**Given material:**
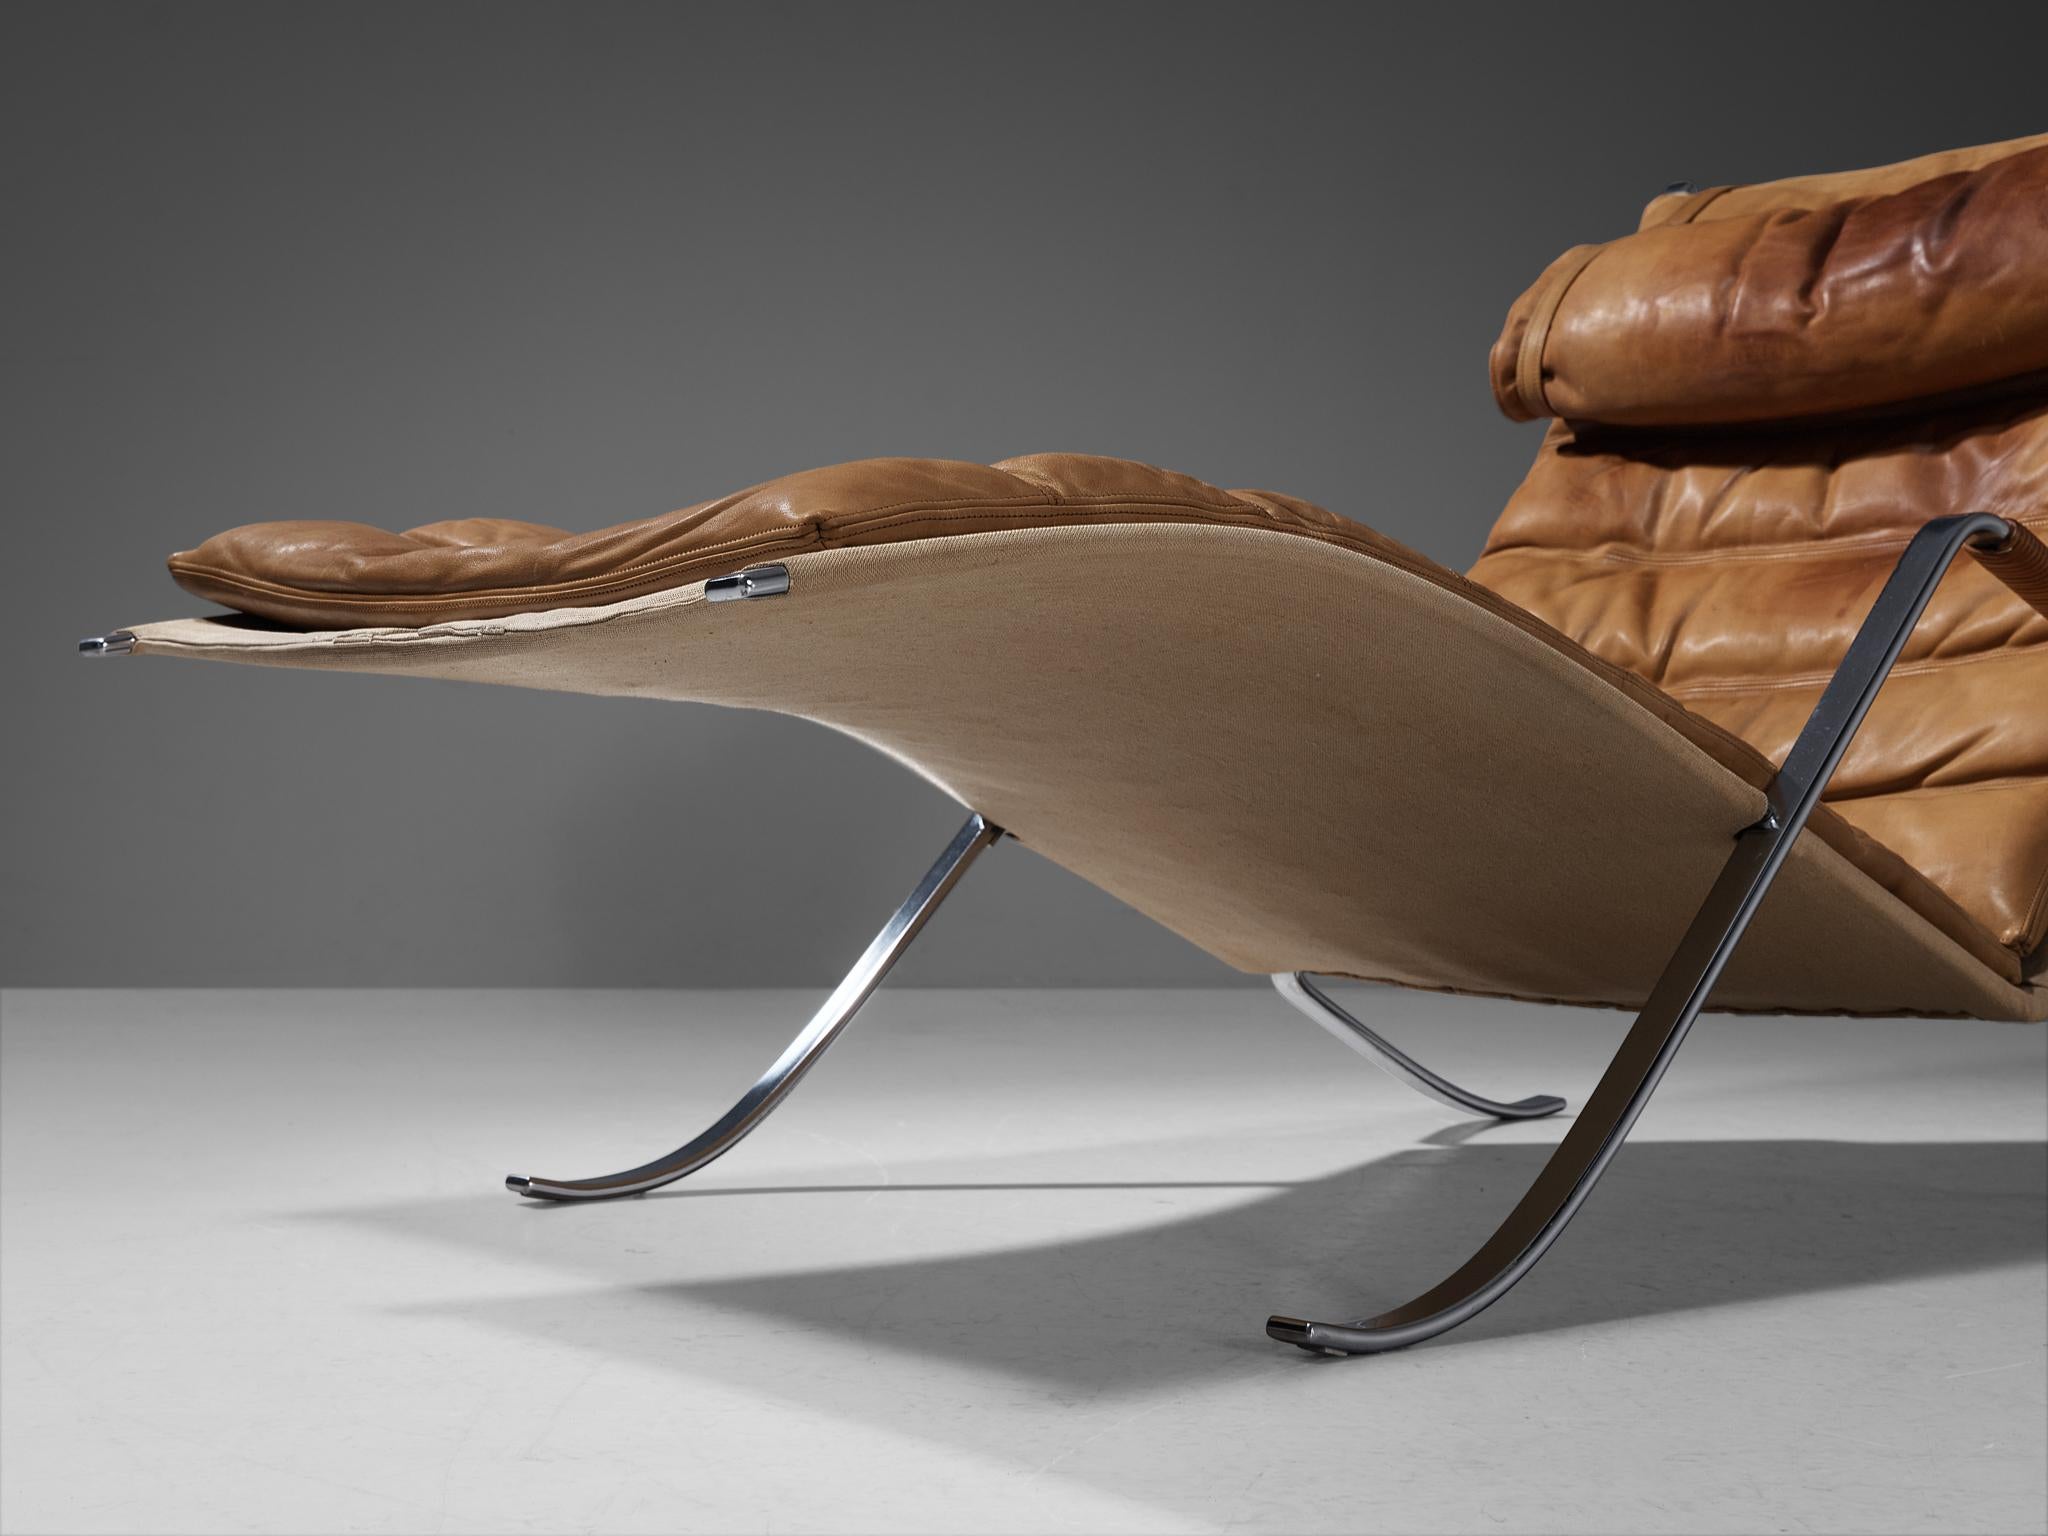 Steel Kastholm & Fabricius Early 'Grasshopper' Lounge Chair in Cognac Leather For Sale
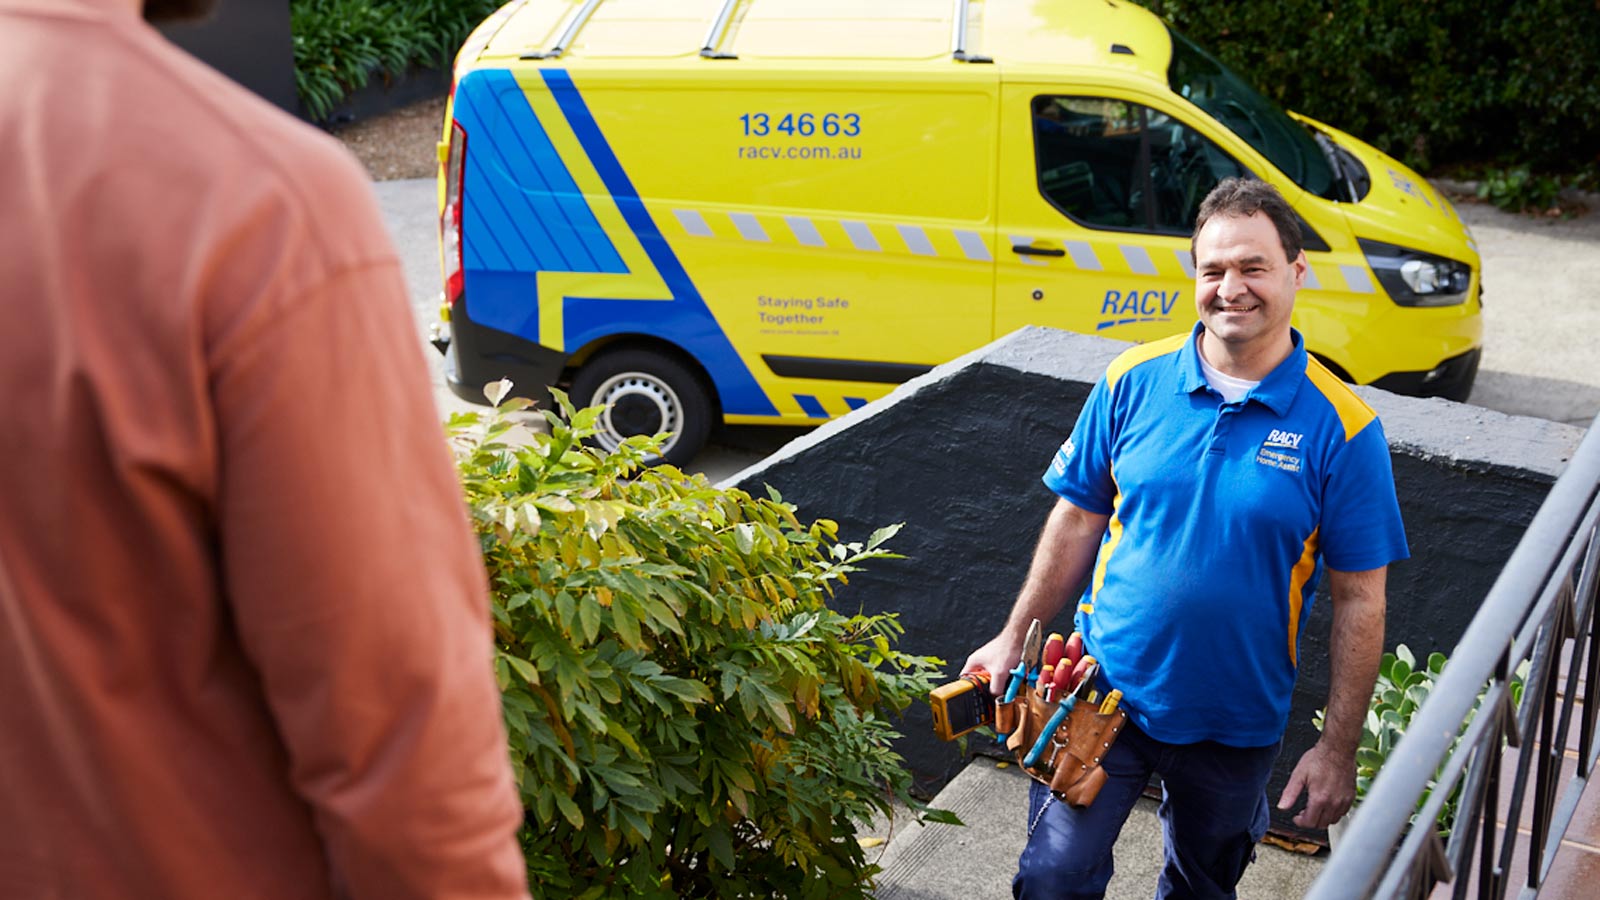 RACV Tradesman smiling and greeting homeowner on front porch with yellow and blue tradie van in background.
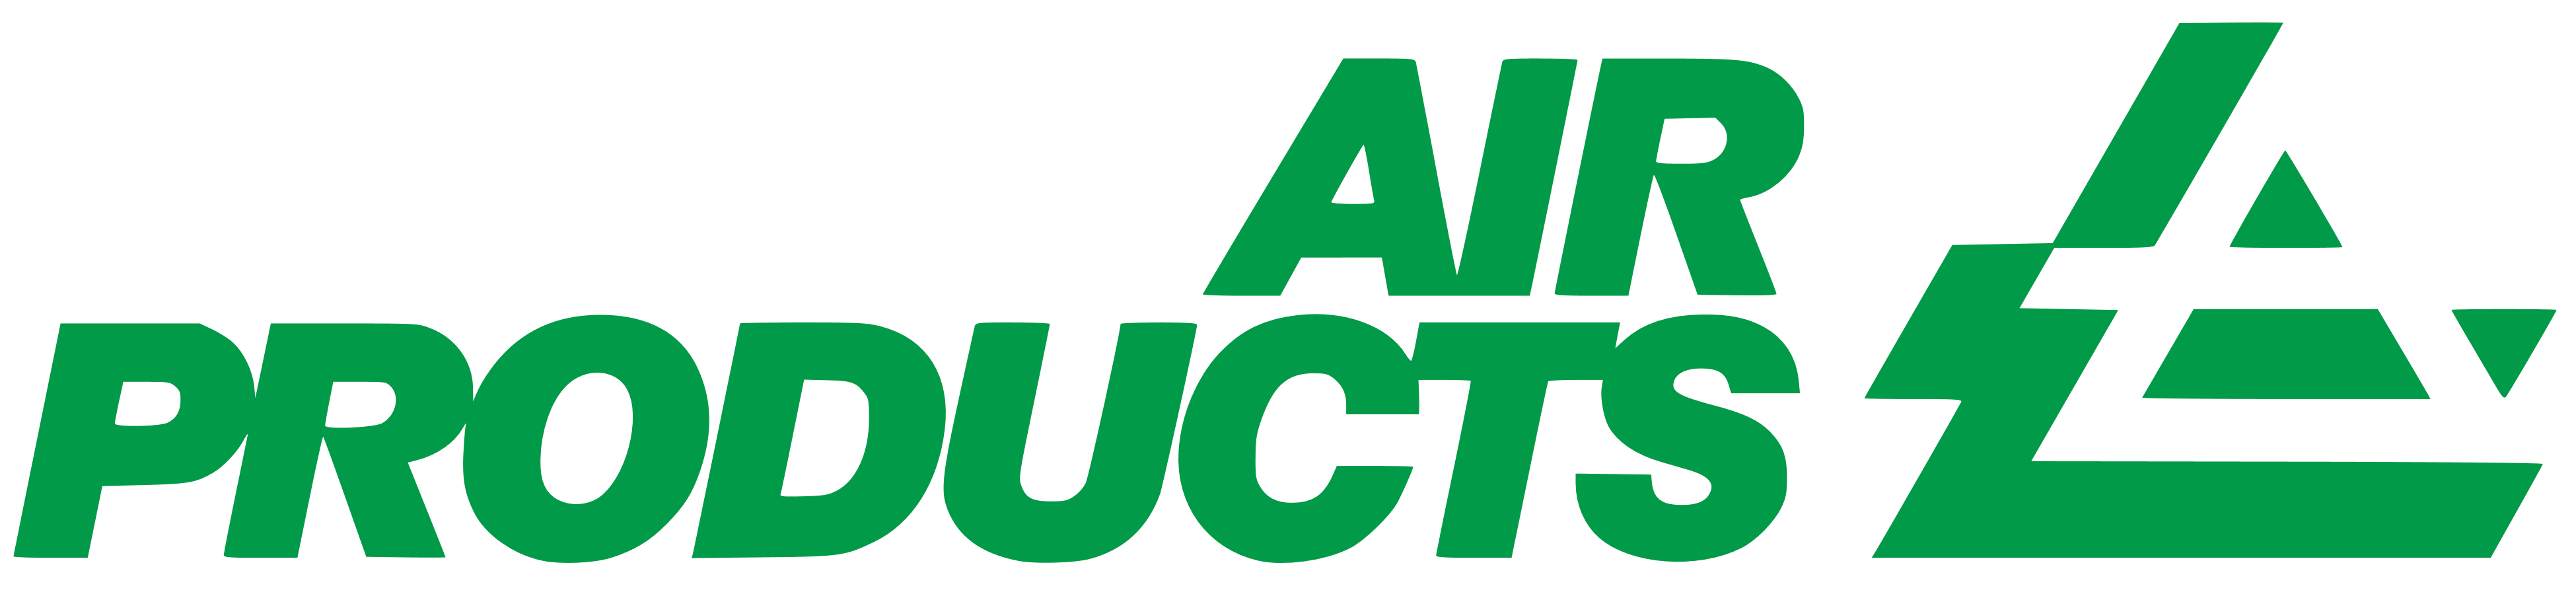 airproducts logo

**Work order:** What the task needs is the material above repeated exactly, pictures excepted.

**Answer space:**
 Steel Kastholm & Fabricius Early 'Grasshopper' Lounge Chair in Cognac Leather For Sale
 RACV Tradesman smiling and greeting homeowner on front porch with yellow and blue tradie van in background.
 airproducts logo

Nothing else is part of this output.